■ Collected data
--------------------

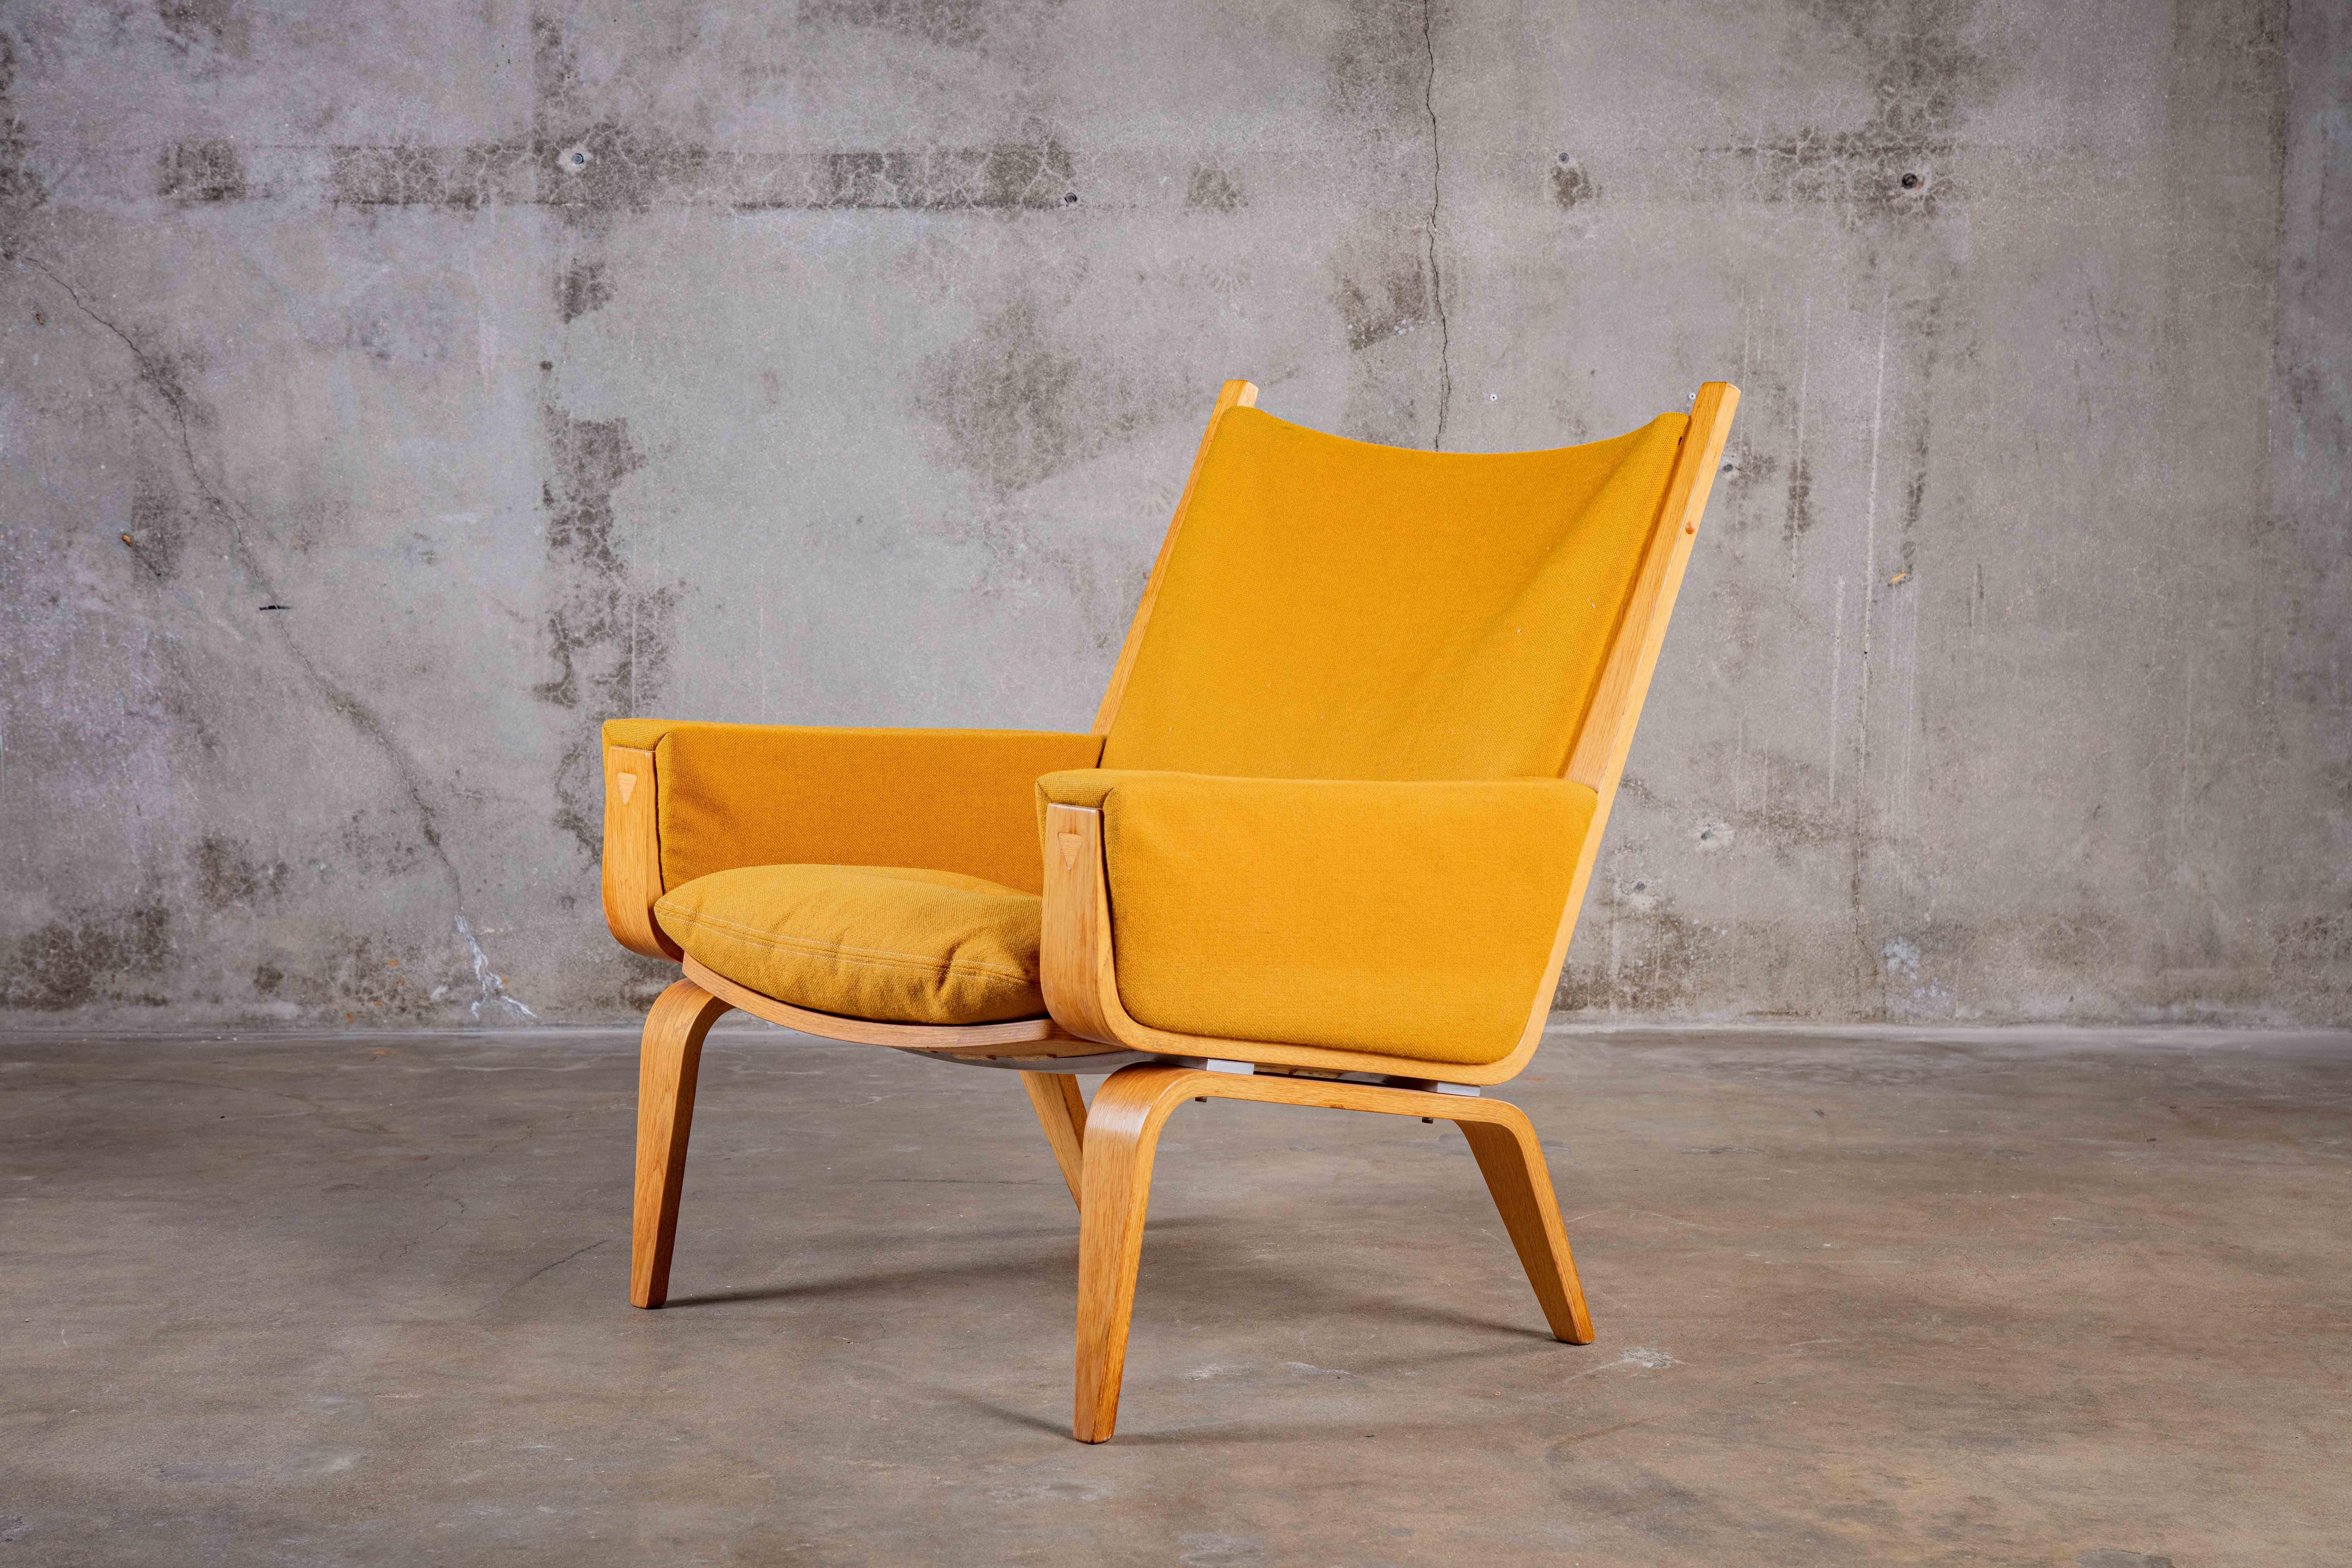 Hans Wegner lounge chair, GETAMA

Measures: Arm 21
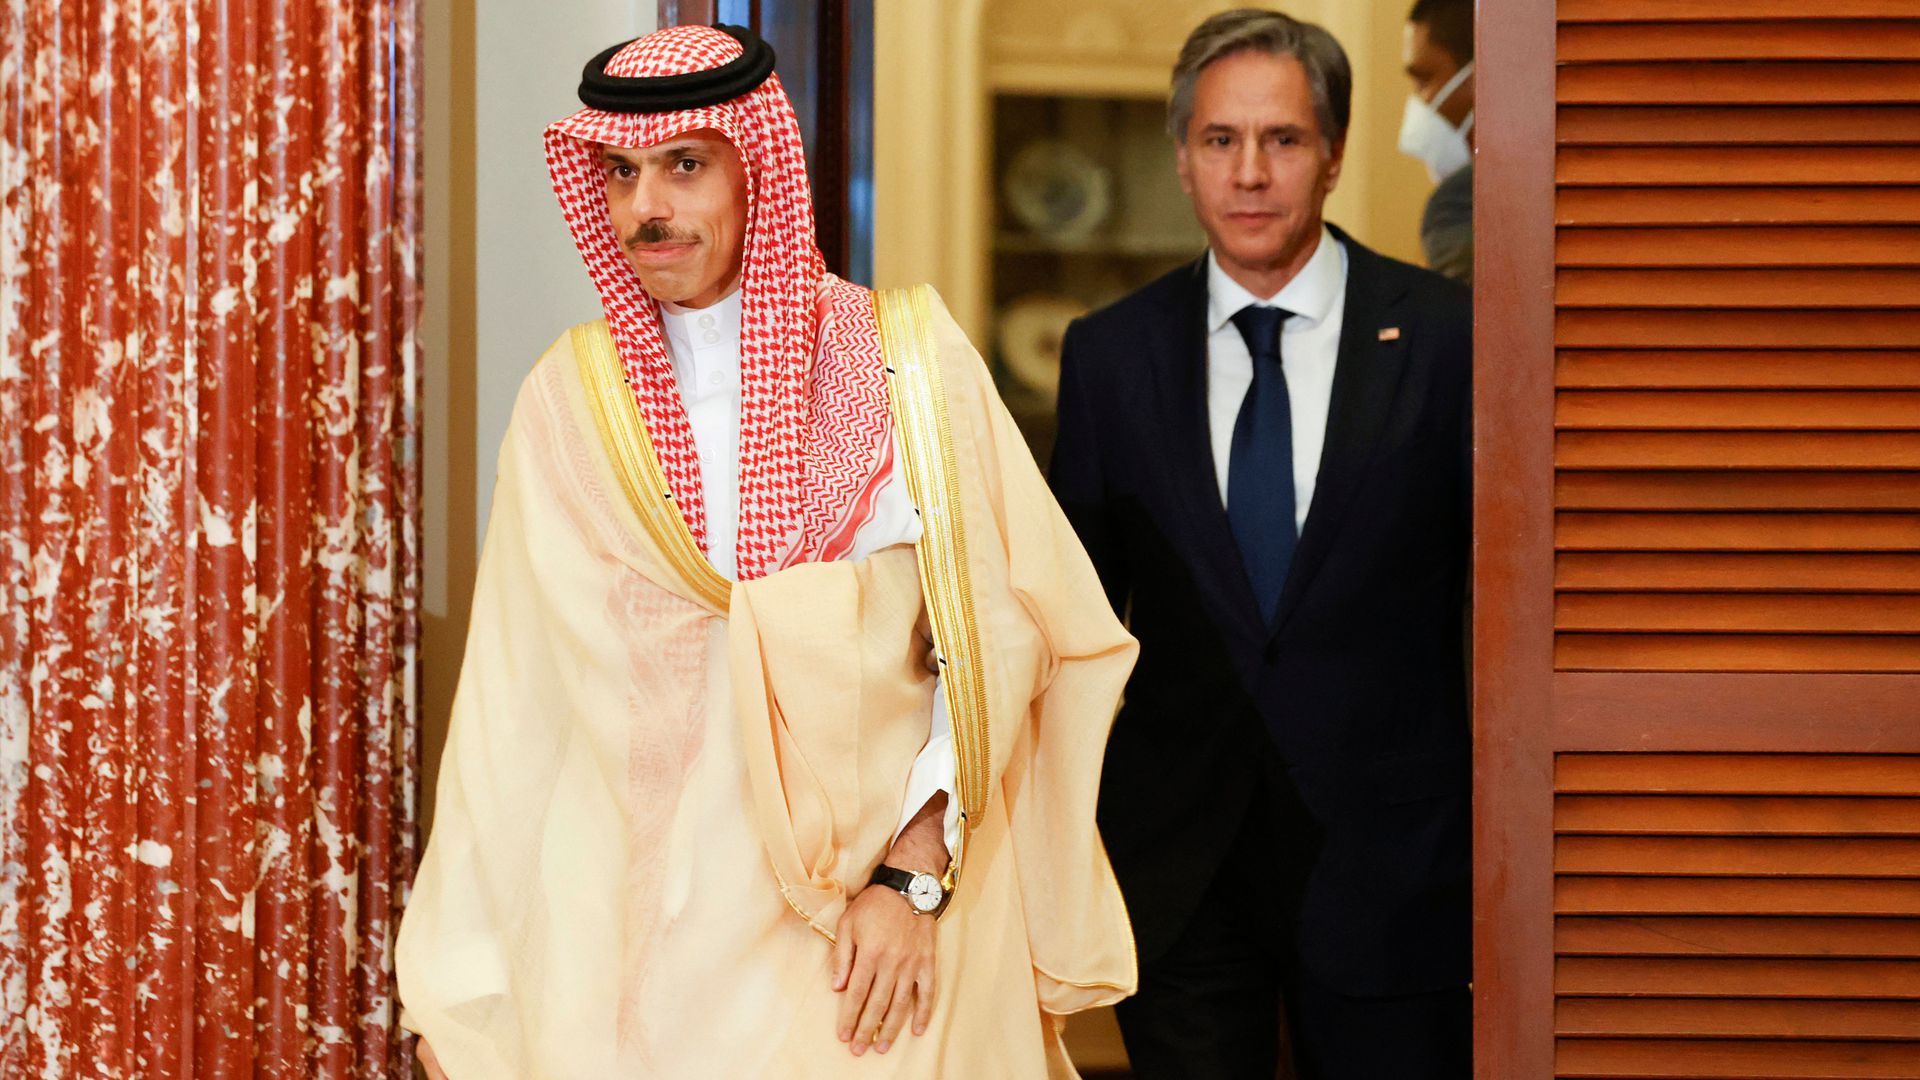 Blinken meets with Saudi Foreign Minister Faisal bin Farhan in Washington, D.C., on Oct. 14, 2021. Photo: Jonathan Ernst/AFP via Getty

--------------------

Every line of the listing above is to be repeated exactly, with its pictures left out.

■ Your solution
 Hans Wegner lounge chair, GETAMA

Measures: Arm 21
 Blinken meets with Saudi Foreign Minister Faisal bin Farhan in Washington, D.C., on Oct. 14, 2021. Photo: Jonathan Ernst/AFP via Getty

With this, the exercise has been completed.